Older people are at an increased risk for falling because of

Older people are at an increased risk for falling because of: An accumulation of cerumen in their ears Marked

decrease in height A shift in the center of gravity Postmenopausal symptoms"

According to the analysis of the main putative factors, older people are at an increased risk of fall because the centre of gravity changes.
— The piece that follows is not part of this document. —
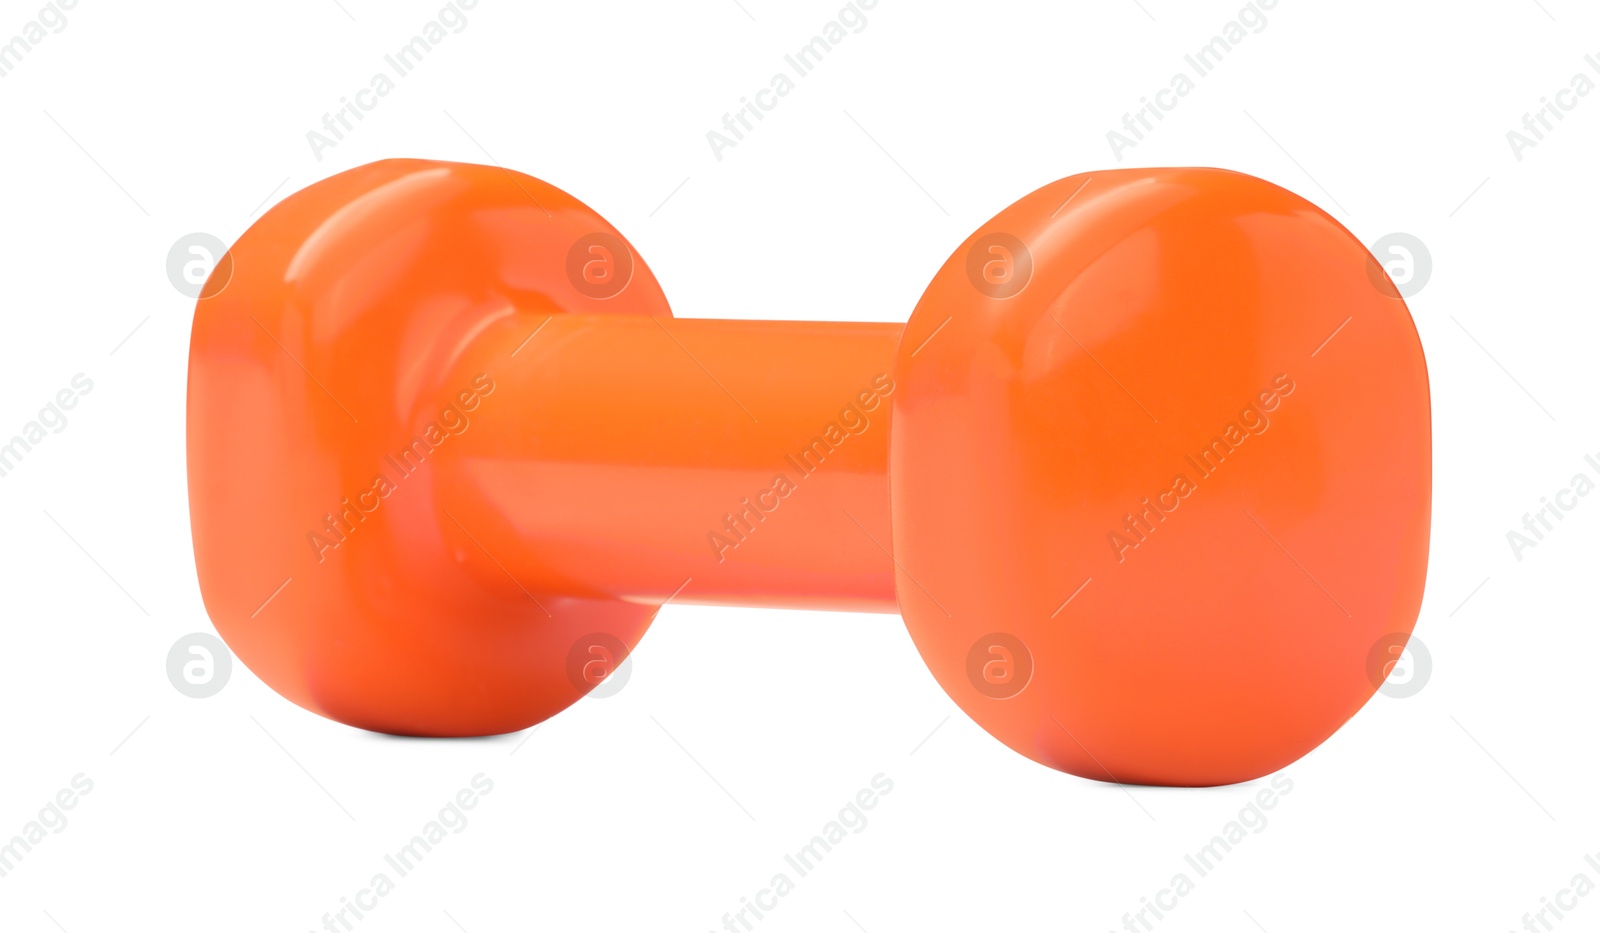 Photo of Orange dumbbell isolated on white. Sports equipment

When a person gets older they experience some physical changes like loss of muscle mass and strength, stiffness of the bones and joints, poor postural control, altered sense of balance and they take longer time to regain balance after a slip all of which significantly raise the prospect of falling.

 

 The other options may contribute to fall risk indirectly but are not the primary reasons:The other options may contribute to fall risk indirectly but are not the primary reasons:

 

 Earwax (cerumen) build-up has impact on hearing and balance, but is more with sensory impairment.

 Reduction in height of a significant margin is associated with spinal changes but does not result in falls.

 The effects of menopause can include decreased bone density but the shift of gravity is much more threatening to the elderly and can cause falls.

How to identify best practices for triaging adolescents with co-occurring substance use and mental health concerns

How to identify best practices for triaging adolescents with co-occurring substance use and mental health concerns

1. Comprehensive Assessment

 Multidisciplinary Approach: Employ mental health workers, substance use treatment experts, and doctors who will evaluate the mental health along with substance dependence.

 Standardized Screening Tools: Some recommended assessment tools are CRAFFT, GAIN-SS or the PHQ-9 that can be used in screening for substance use and mental health disorders.

 2. Integrated Care Models

 Collaborative Care: Adopt models of care that permit the co-ordination of mental health and substance use treatment where both disorders exist.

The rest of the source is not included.